DATA EXCERPT:
◆ ◆ ◆ ◆

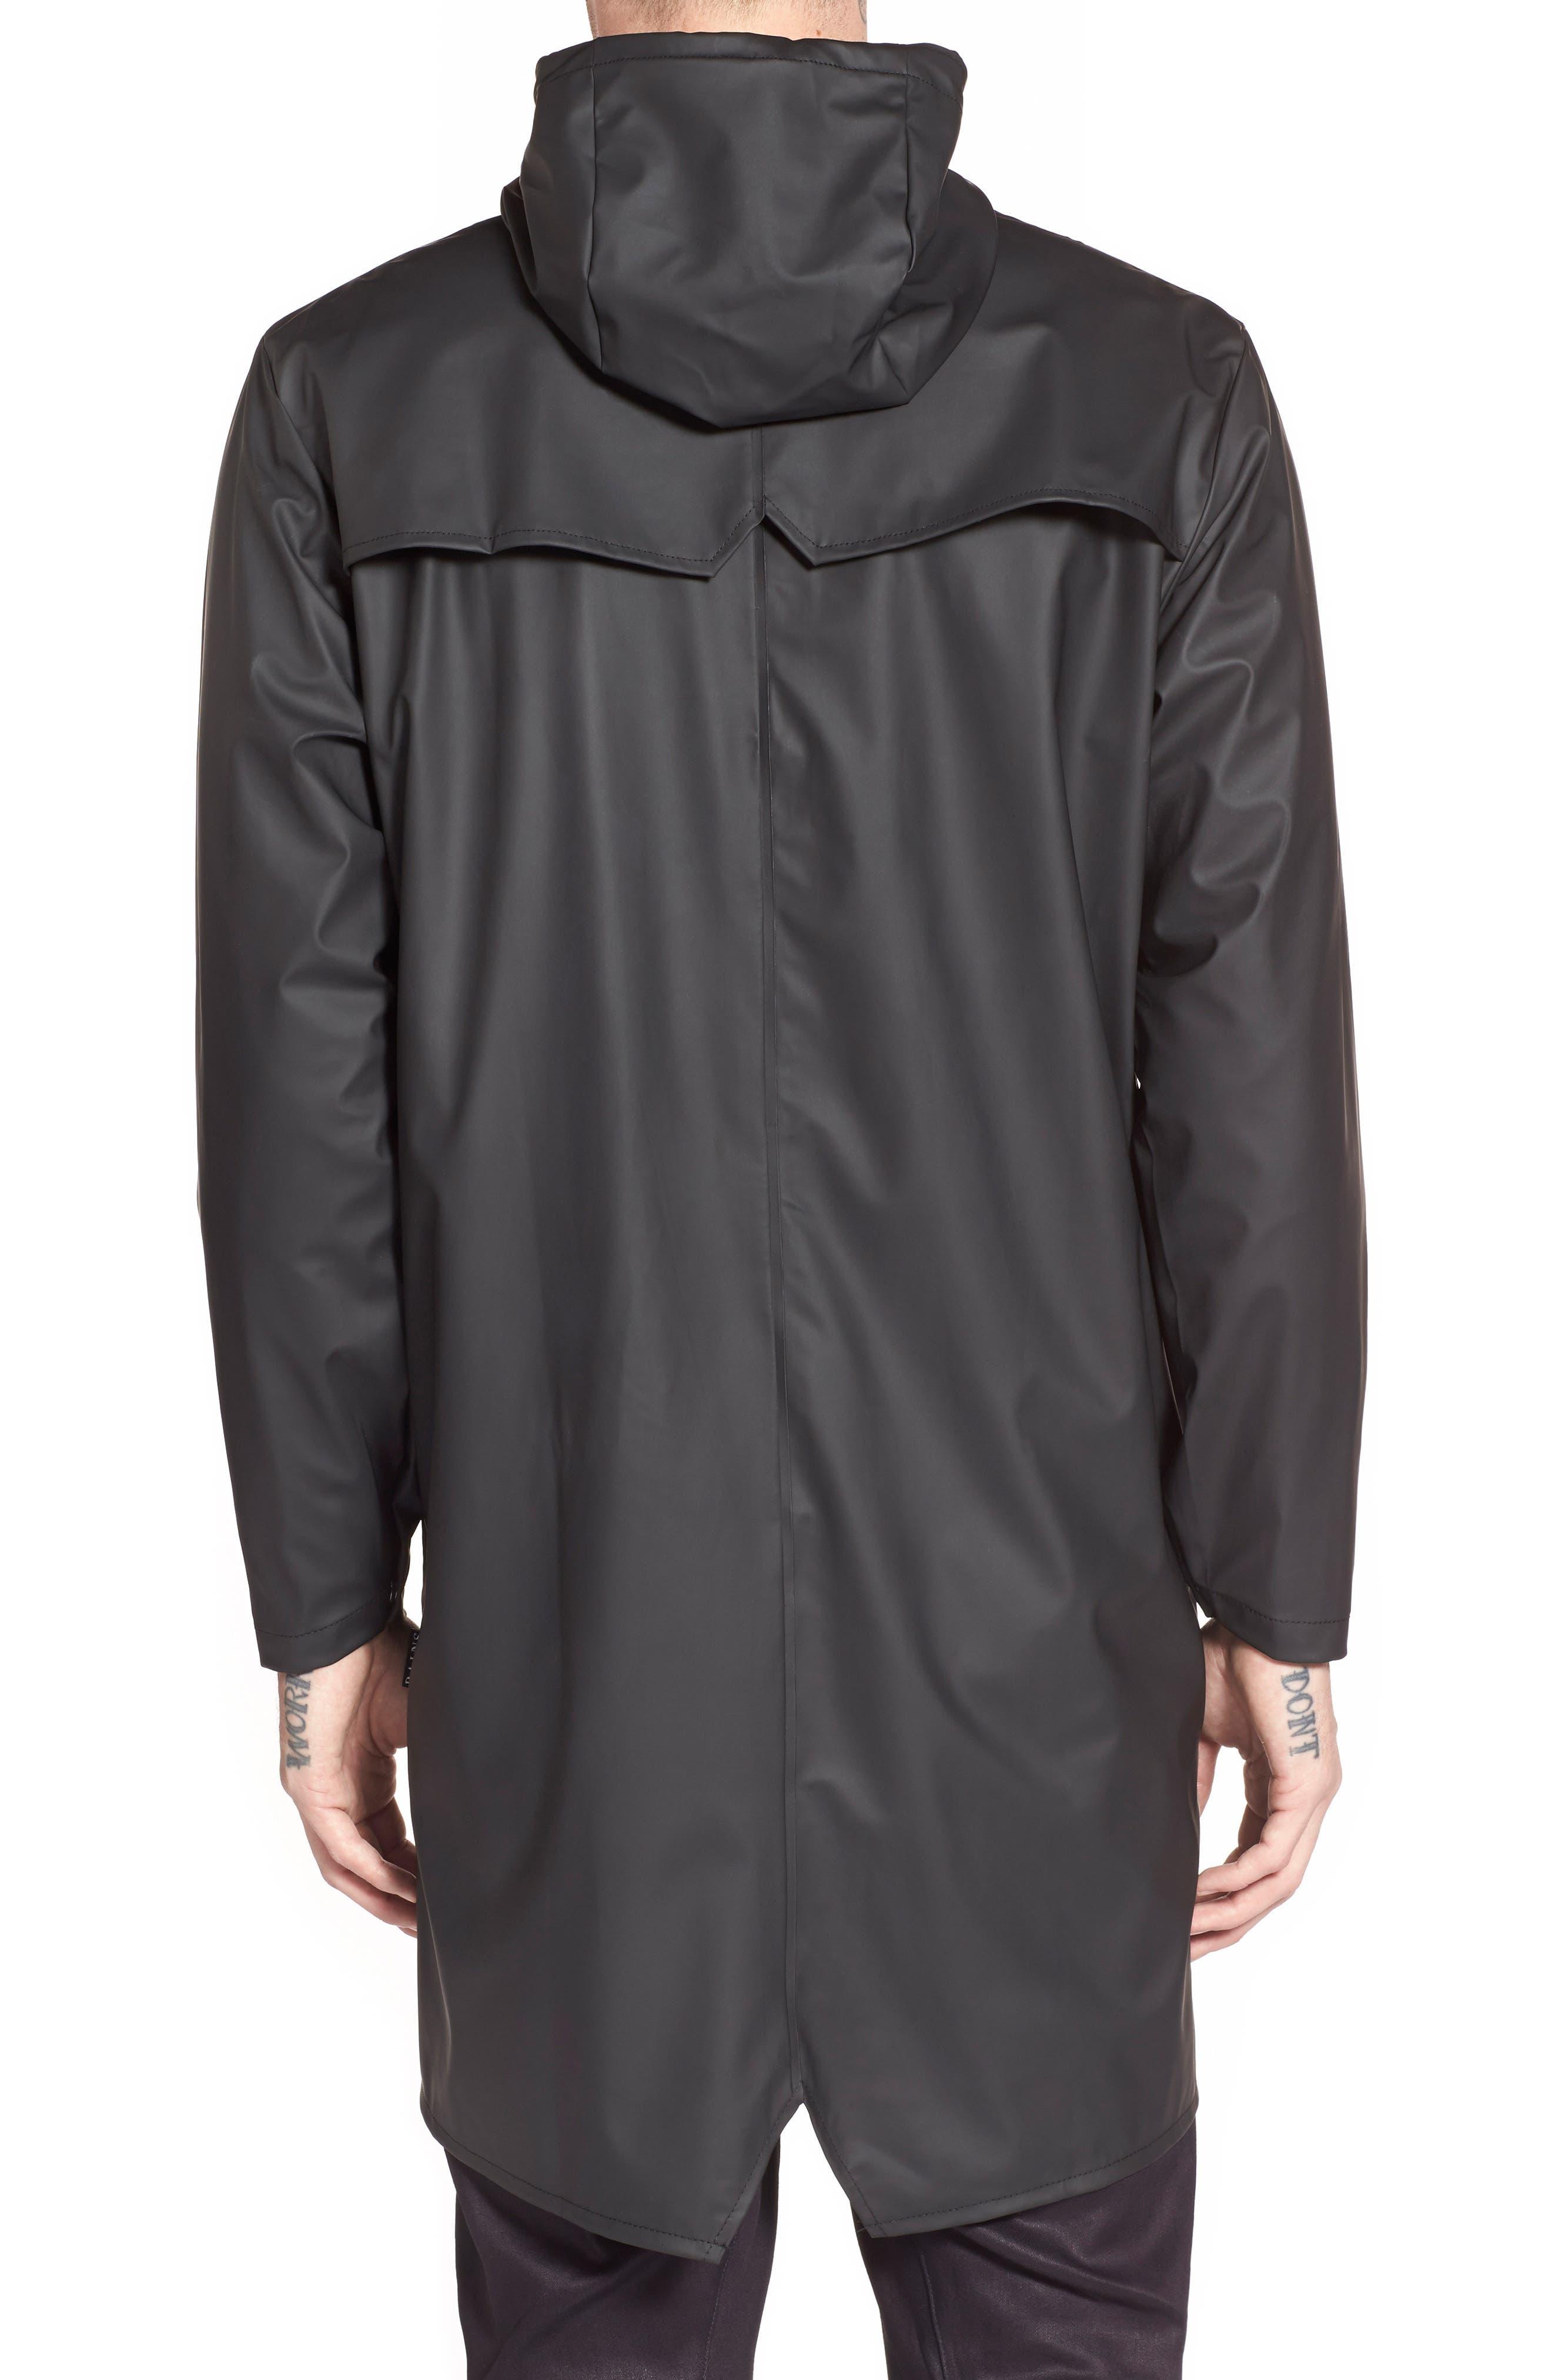 RAINS, Waterproof Hooded Long Rain Jacket, Alternate thumbnail 2, color, BLACK
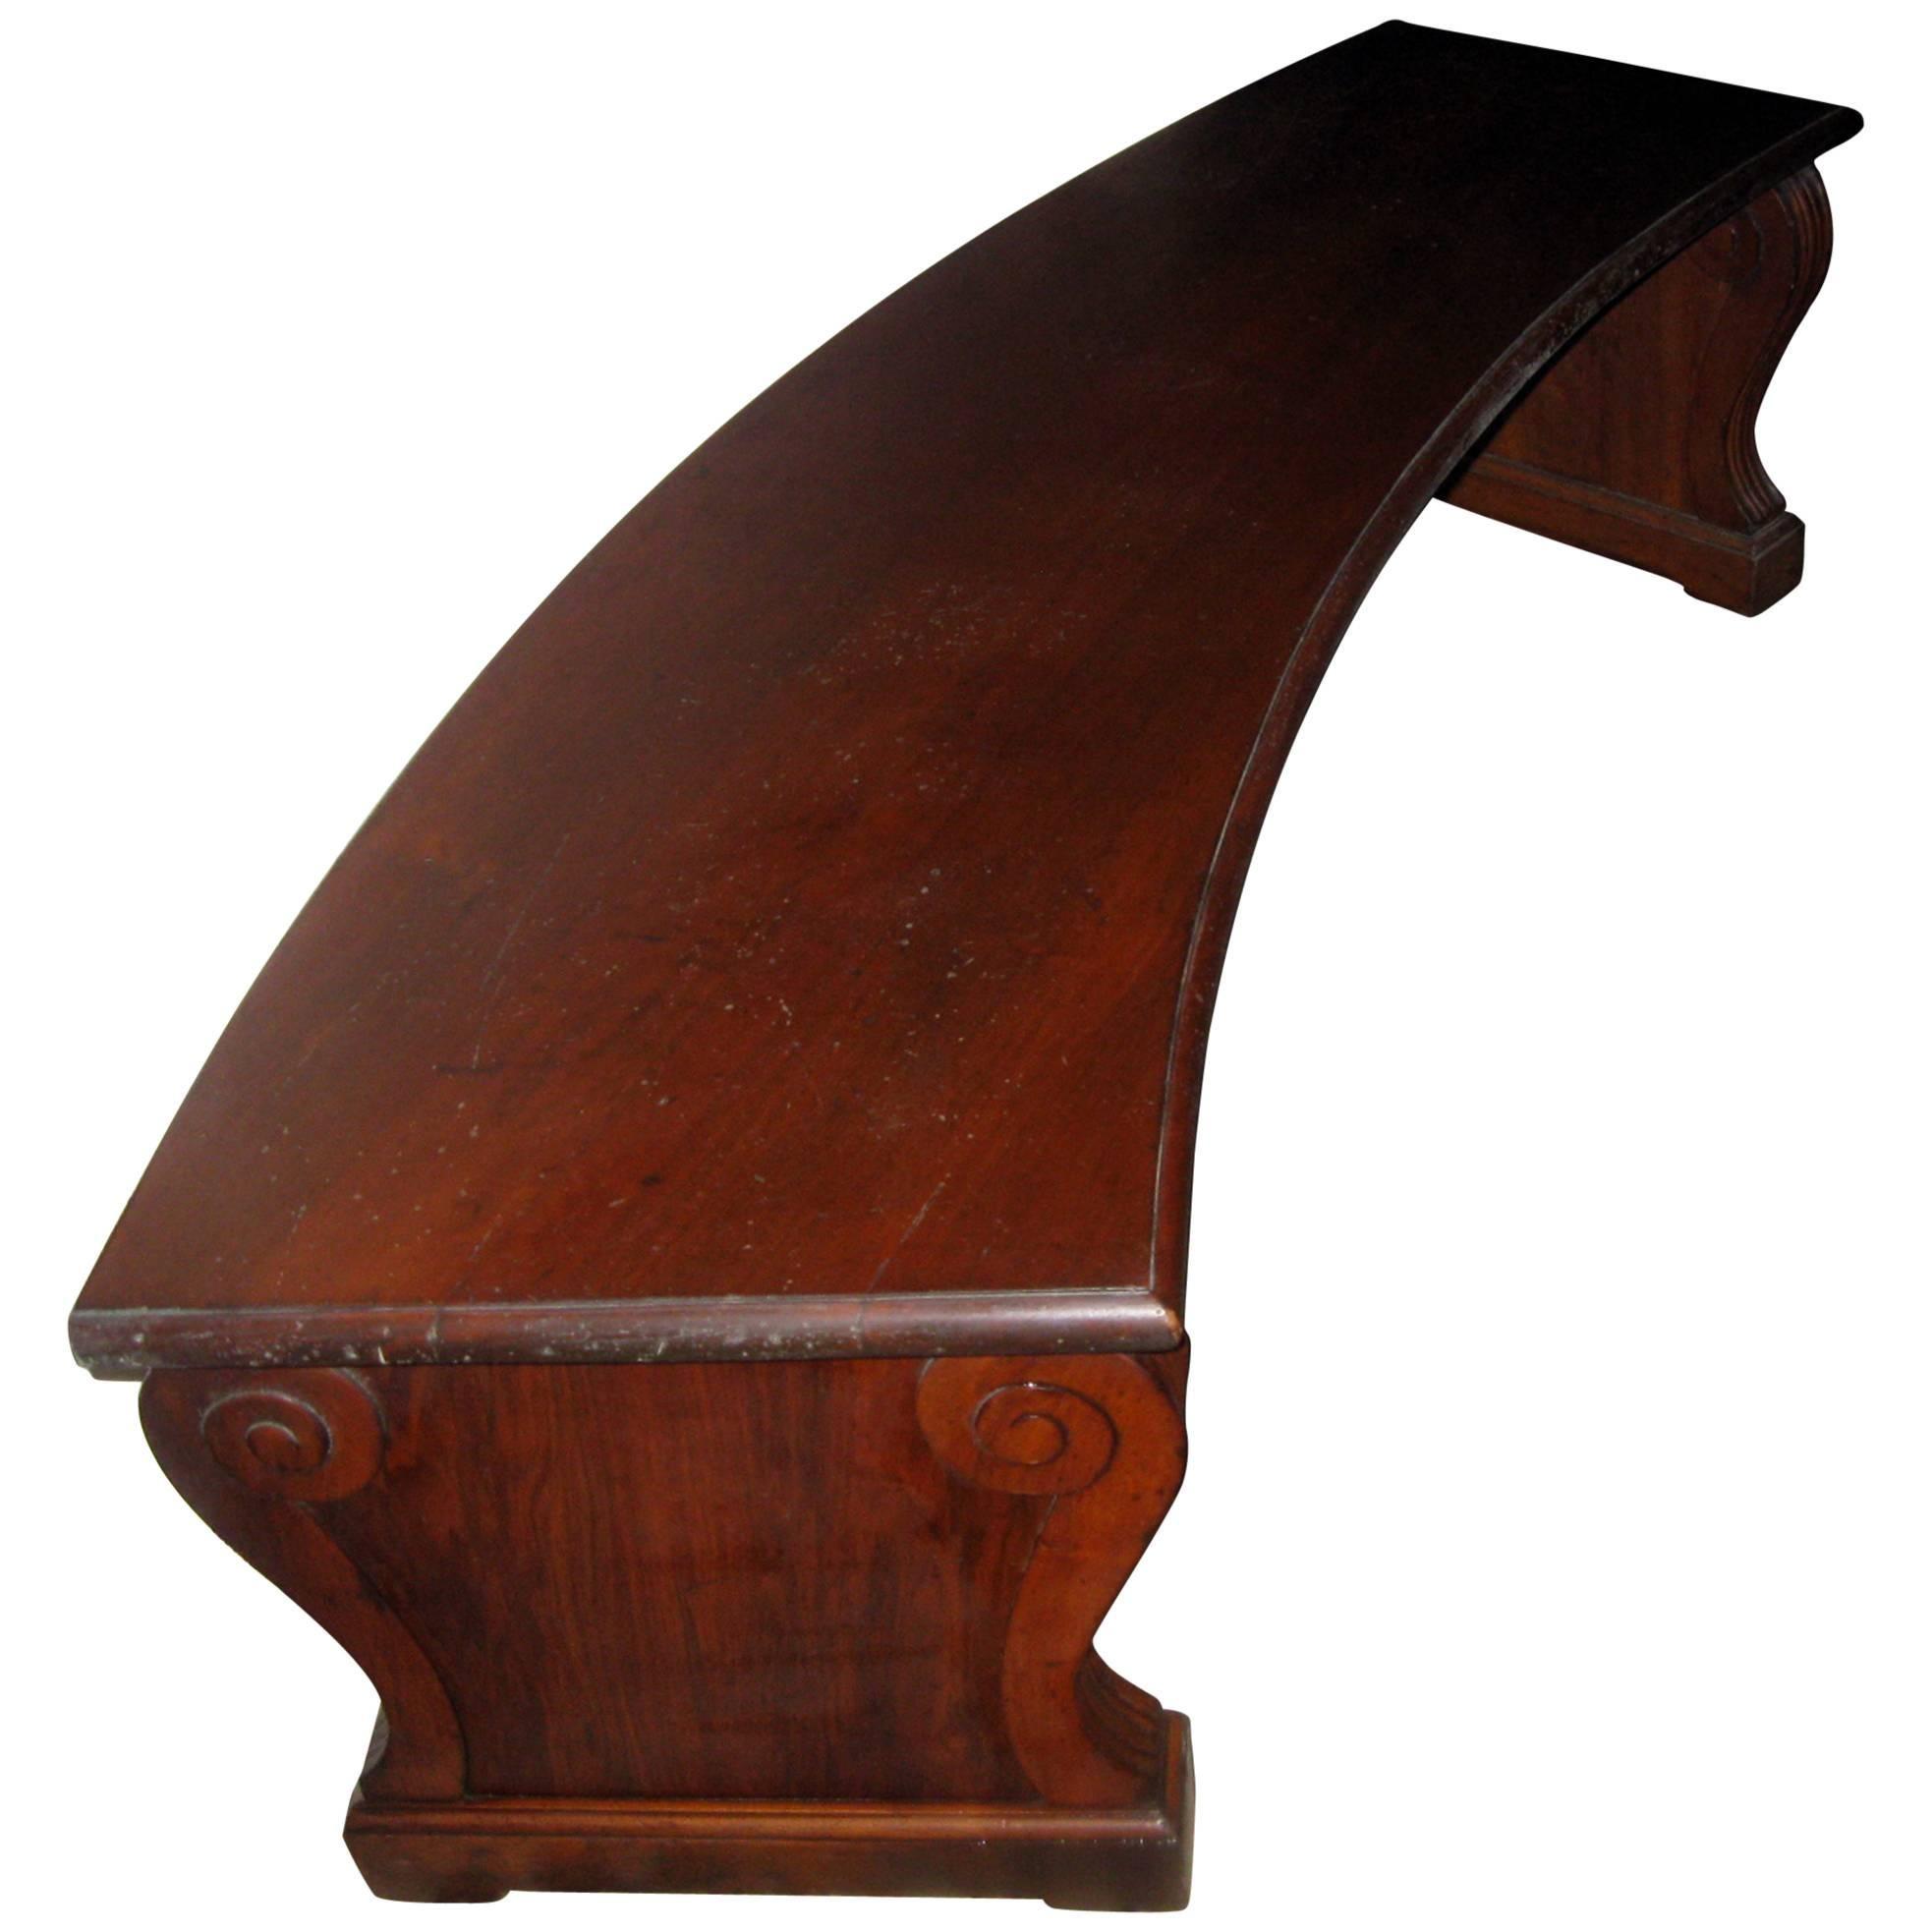 19th century Regency Period Curved Walnut Bench
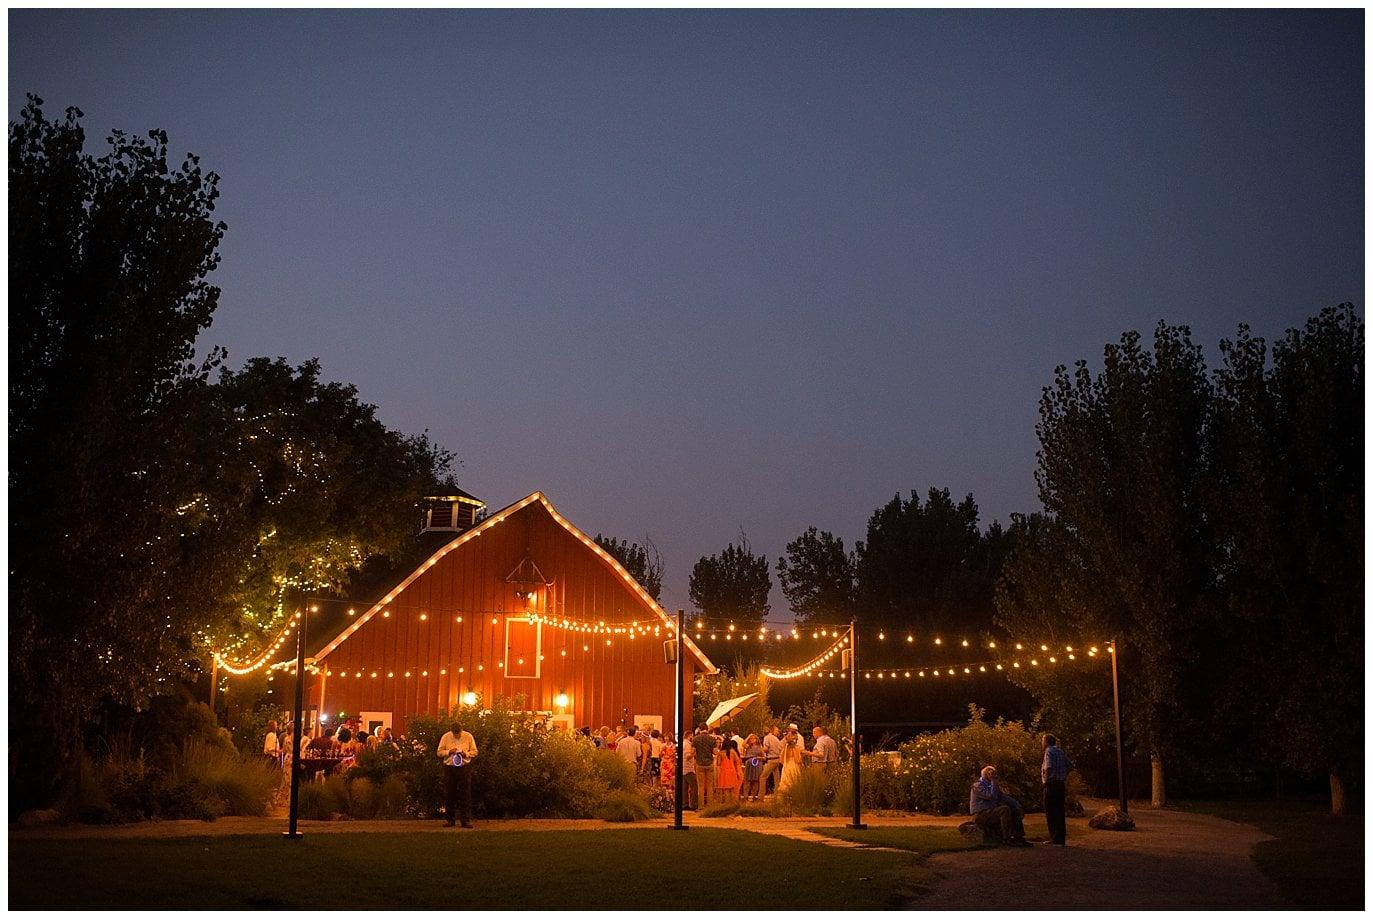 Denver Botanic Gardens at Chatfield wedding barn photo

◆ ◆ ◆ ◆

YOUR INSTRUCTIONS: The lines to repeat run from the line containing "19th century Regency" through the end of the listing above, both included; give them exactly and without pictures.

WRITTEN SOLUTION:
 19th century Regency Period Curved Walnut Bench
 Denver Botanic Gardens at Chatfield wedding barn photo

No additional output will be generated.